### Work instruction
Pictures should be excluded; otherwise, copy every entry exactly.

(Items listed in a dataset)

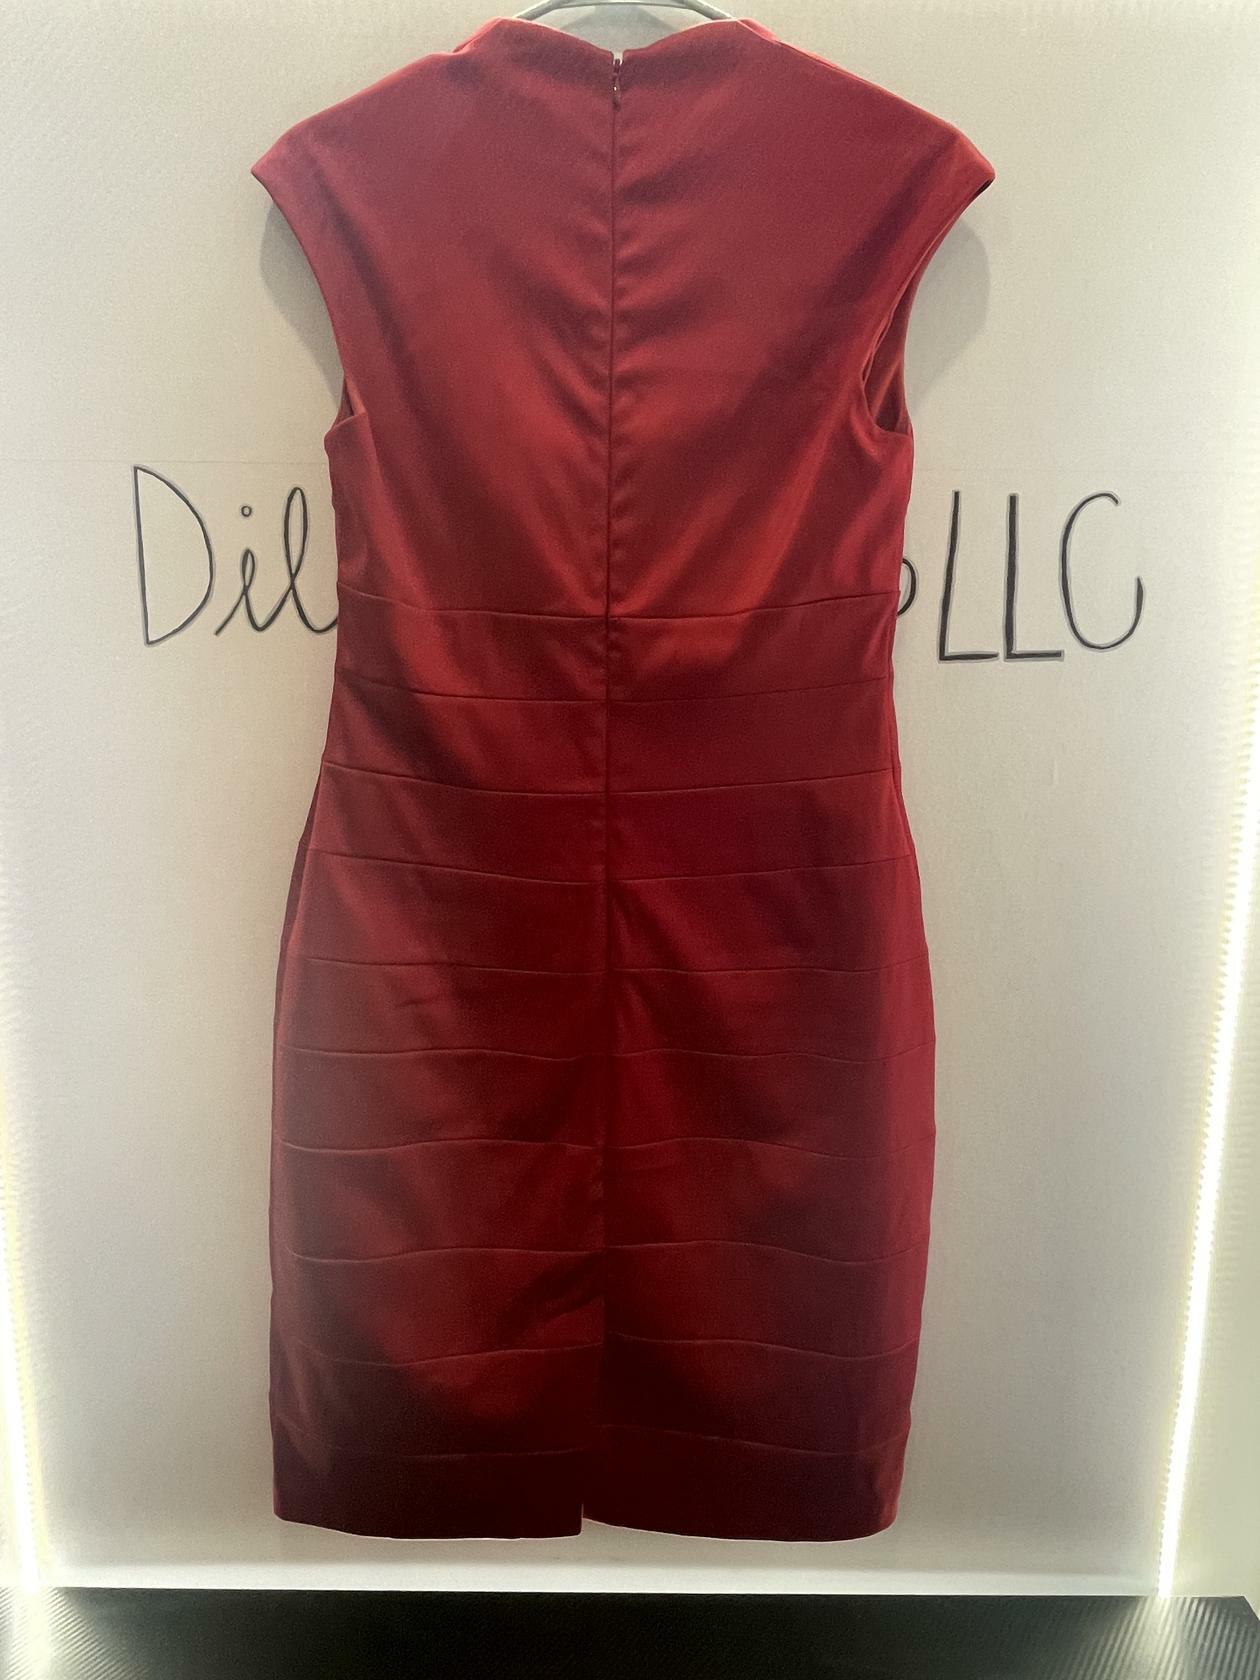 Melrose Dress Womens sz 10 Red Cap Sleeve Satin Sheath Knee Length Cocktail Chic - Very Good
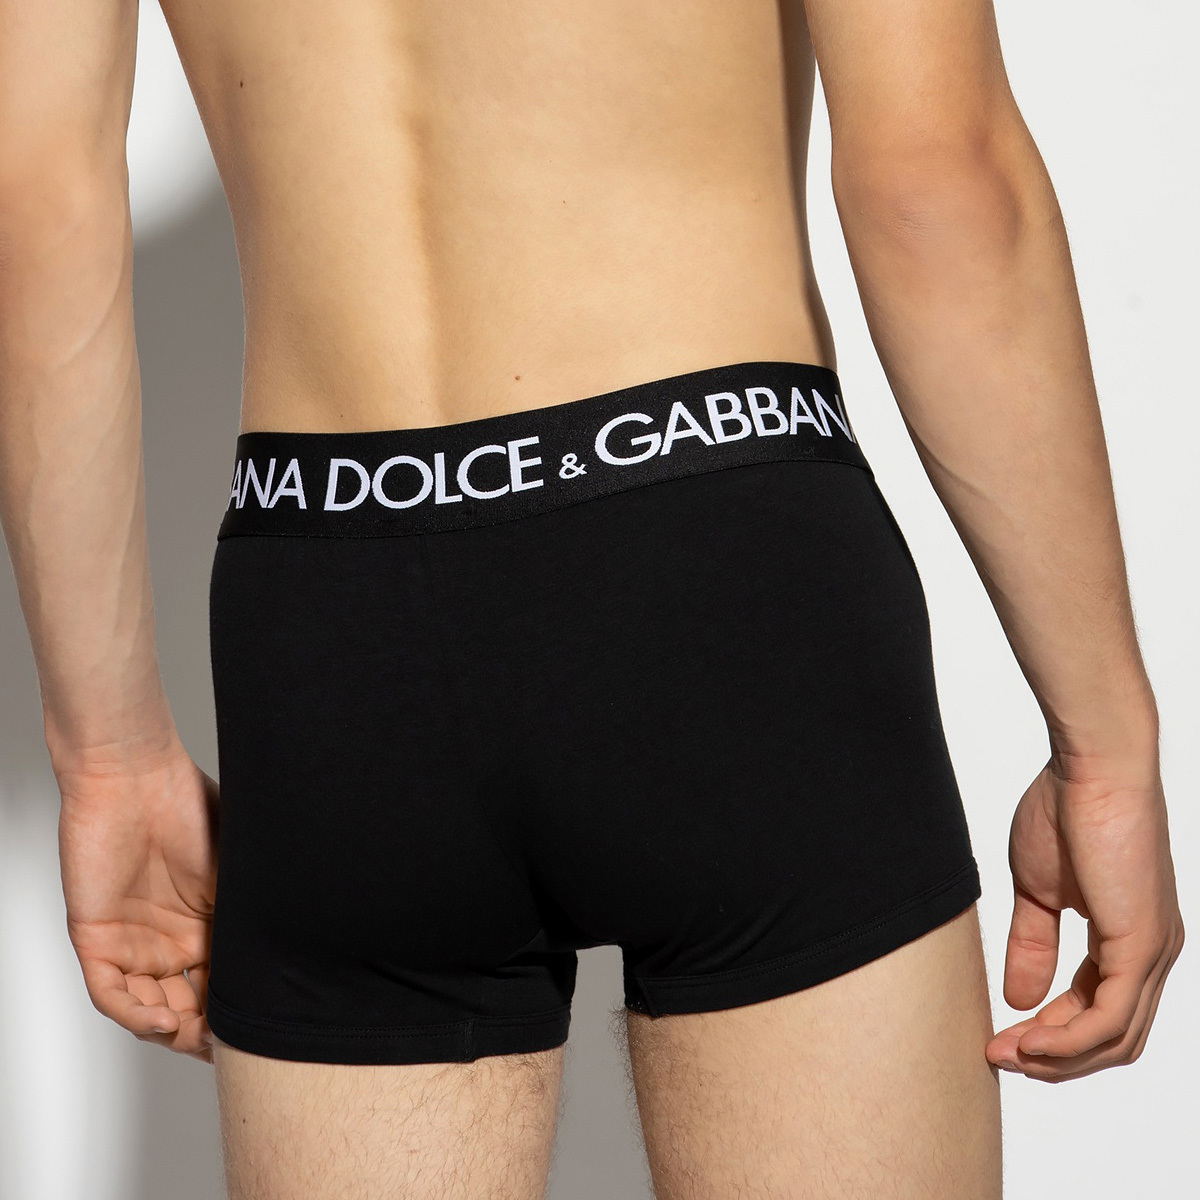  free shipping 3 DOLCE&GABBANA Dolce & Gabbana M9D70J ONN97 N0000 under wear boxer shorts 2 pieces set size 3
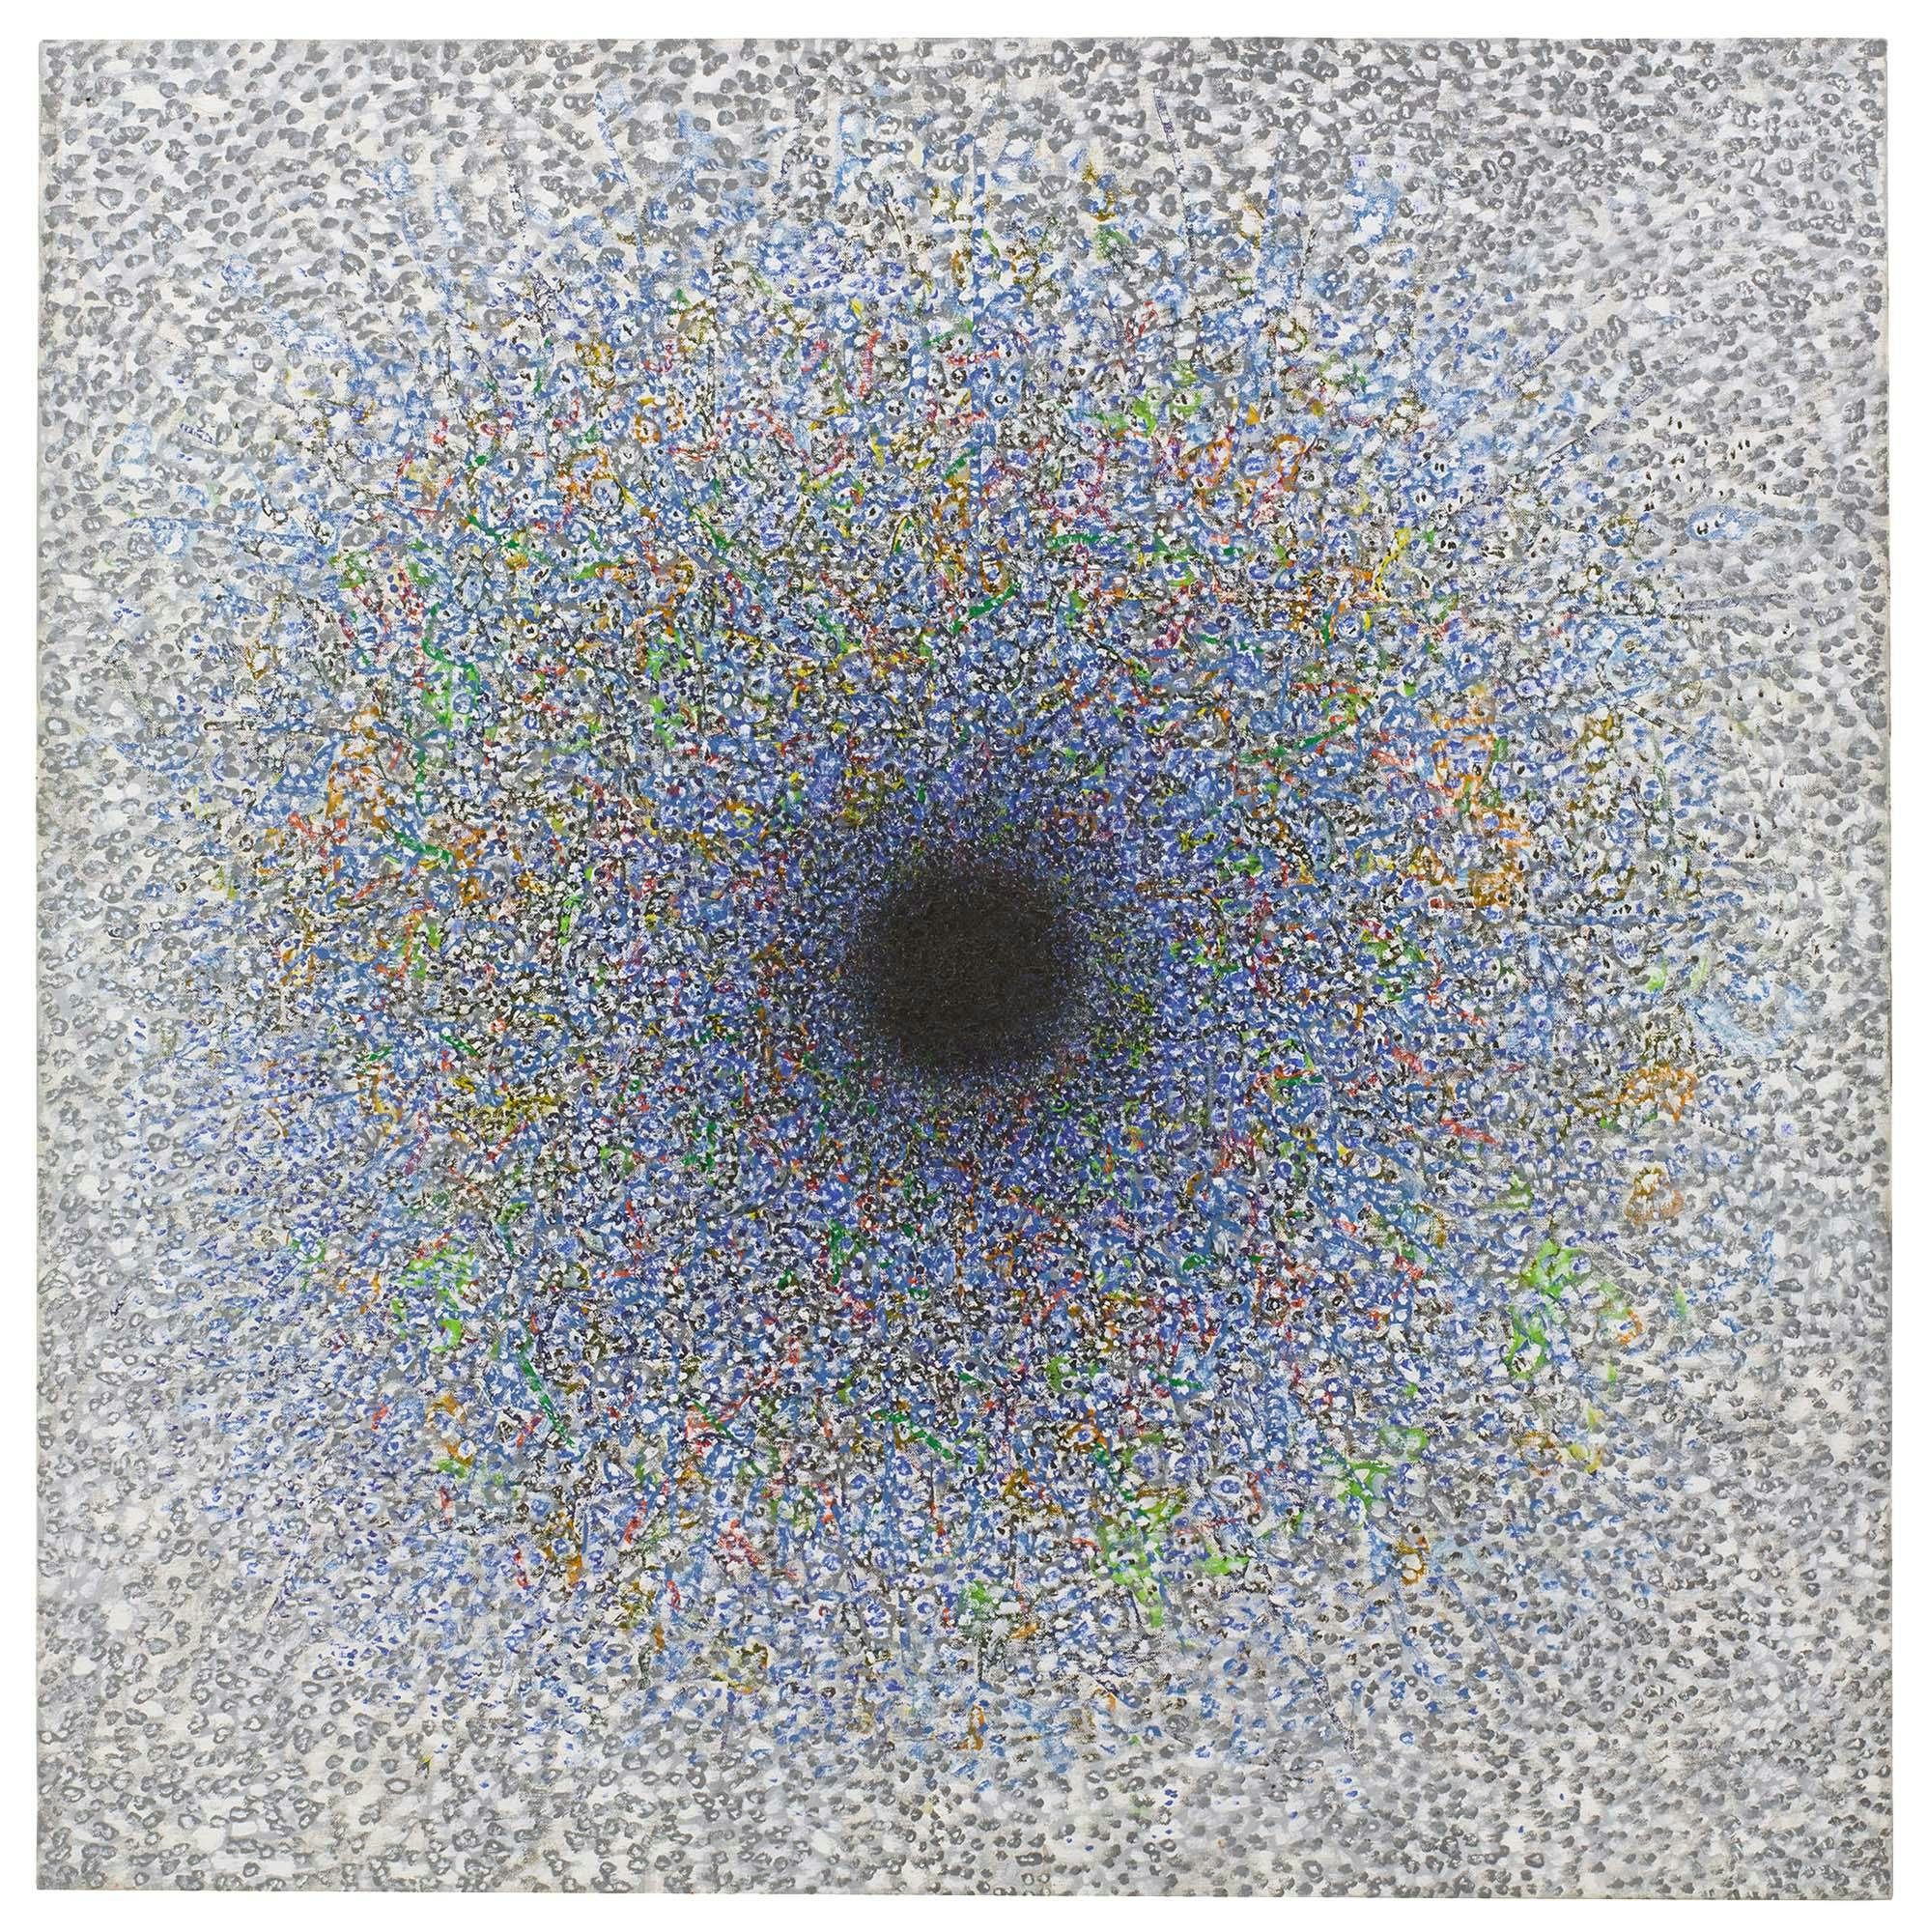 Imploding Black
1985–86
Acrylic on linen
72 x 72 in. (182.9 x 182.9 cm)
 – The Richard Pousette-Dart Foundation

### Response to the task
 Melrose Dress Womens sz 10 Red Cap Sleeve Satin Sheath Knee Length Cocktail Chic - Very Good
  free shipping 3 DOLCE&GABBANA Dolce & Gabbana M9D70J ONN97 N0000 under wear boxer shorts 2 pieces set size 3
 Imploding Black
1985–86
Acrylic on linen
72 x 72 in. (182.9 x 182.9 cm)
 – The Richard Pousette-Dart Foundation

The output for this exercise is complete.